Павел Васильевич Анненков:

Оказалось, что вся история о письме и весь слух об изворотливости и трусости Ивана Сергеевича суть не более, как произведения фантазии чьего-то досужего ума.

Иван Сергеевич Тургенев. Из письма П. В. Анненкову. С.-Петербург, 26 октября (7 ноября) 1861 г.:

Я получил от Л. Н. Толстого письмо, в котором он объявляет мне, что слух о распространении им копии оскорбительного для меня письма есть чистая выдумка, вследствие чего мой вызов становится недействительным, – и мы драться не будем, чему я, конечно, очень рад.

Павел Васильевич Анненков:

Так и кончилось дело, которому и начинаться не следовало бы. Полное примирение между врагами произошло за год или за два до смерти одного из них, и притом произошло по письму гр. Л. Н. Толстого. <…> Тургенев сохранял до последнего дня своего воспоминания о нем как о трогательнейшем сердечном вопле человека, призывающего старые, простые, дружеские связи и сношения.
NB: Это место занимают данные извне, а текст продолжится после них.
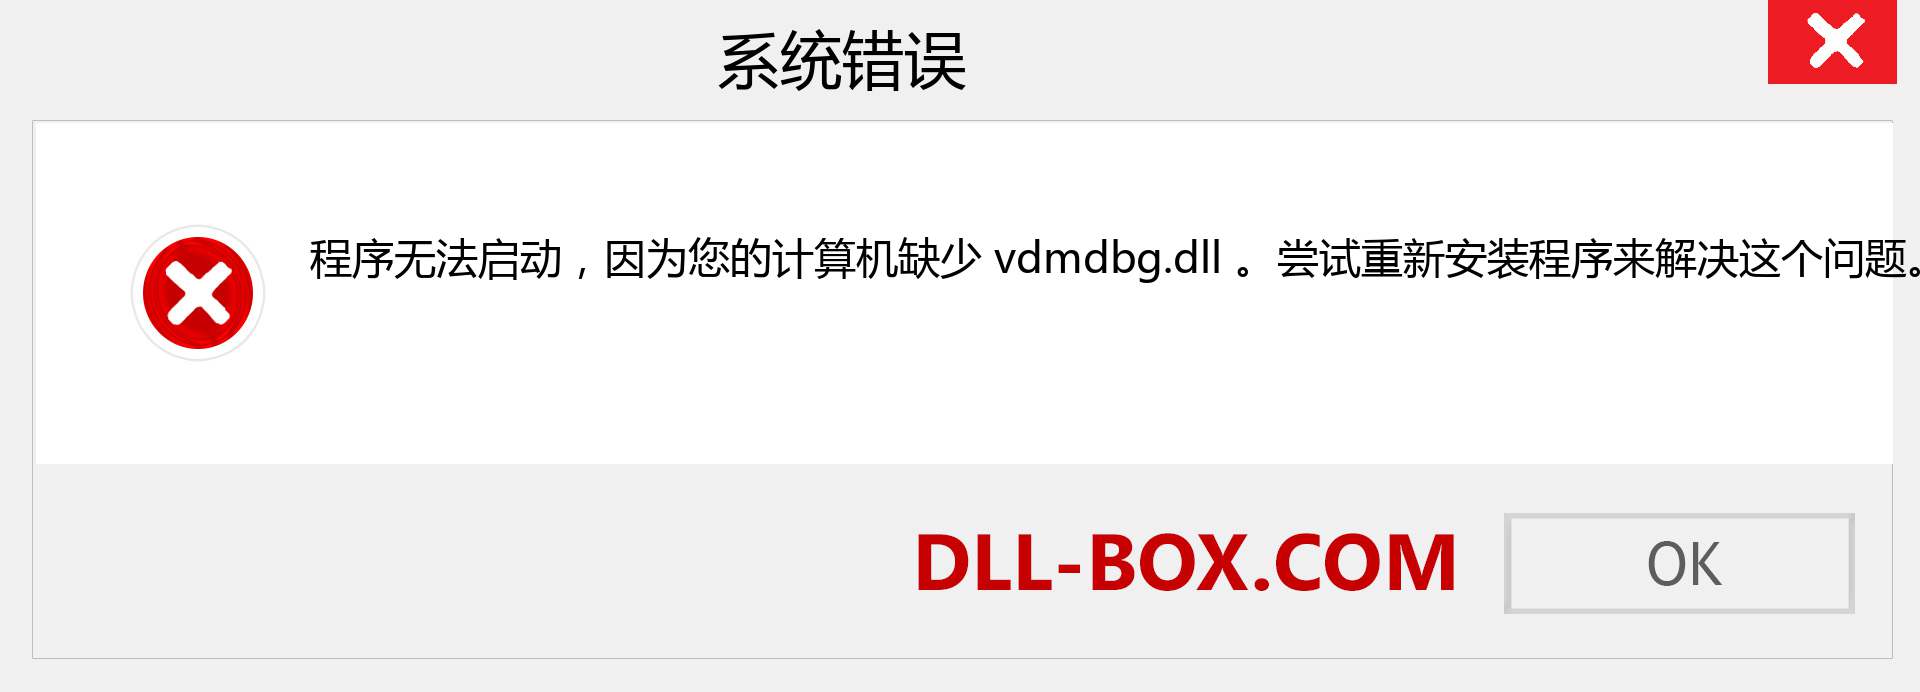 vdmdbg.dll 文件丢失？。 适用于 Windows 7、8、10 的下载 - 修复 Windows、照片、图像上的 vdmdbg dll 丢失错误

«Необыкновенная история» с Иваном Александровичем Гончаровым

Иван Александрович Гончаров. Из мемуарного очерка «Необыкновенная история»:

Еще с 1855 года я стал замечать какое-то усиленное внимание ко мне со стороны Тургенева. Он искал часто бесед со мной, казалось, дорожил моими мнениями, прислушивался внимательно к моему разговору. Мне это было, конечно, не неприятно, и я не скупился на откровенность во всем, особенно в своих литературных замыслах. Особенно прилежно он следил, когда мне случалось что-нибудь прочитывать.

Так, например, раздавая по журналам главы из своих путевых записок, я имел обыкновение прочитывать то, что было готово, нескольким человекам. Тургенева я не хотел обременять чтением этих легких описаний, однако он, как помню, узнав, что я буду читать какую-то главу у Майкова, приехал туда. Словом, он очень следил за мной – и это сближало меня с ним, так что я стал поверять ему все, что ни задумаю. И вот однажды, именно в 1855 году, он пришел ко мне на квартиру (в доме Кожевникова, на Невском проспекте, близ Владимирской) и продолжал, молча, вслушиваться в мои искренние излияния, искусно расспрашивать, что и как я намерен делать. («Обломова» написана была первая часть и несколько глав далее. Он уже знал все это подробно.) Я взял – да ни с того, ни с сего, вдруг и открыл ему, не только весь план будущего своего романа («Обрыв»), но и пересказал все подробности, все готовые у меня на клочках программы сцены, детали, решительно все, все. «Вот что еще есть у меня в виду!» – сказал я.

Он слушал, неподвижно, притаив дыхание, приложив почти ухо к моим губам, сидя близ меня на маленьком диване, в углу кабинета. Когда дошло до взаимных признаний Веры и бабушки, он заметил, что «это хоть бы в роман Гете». <…>

Я рассказывал, как рассказывают сны, с увлечением, едва поспевая говорить, то рисуя картины Волги, обрывов, свиданий Веры в лунные ночи на дне обрыва и в саду, сцены ее с Волоховым, с Райским и т. д., и т. д., сам наслаждаясь и гордясь своим богатством и спеша отдать на поверку тонкого, критического ума.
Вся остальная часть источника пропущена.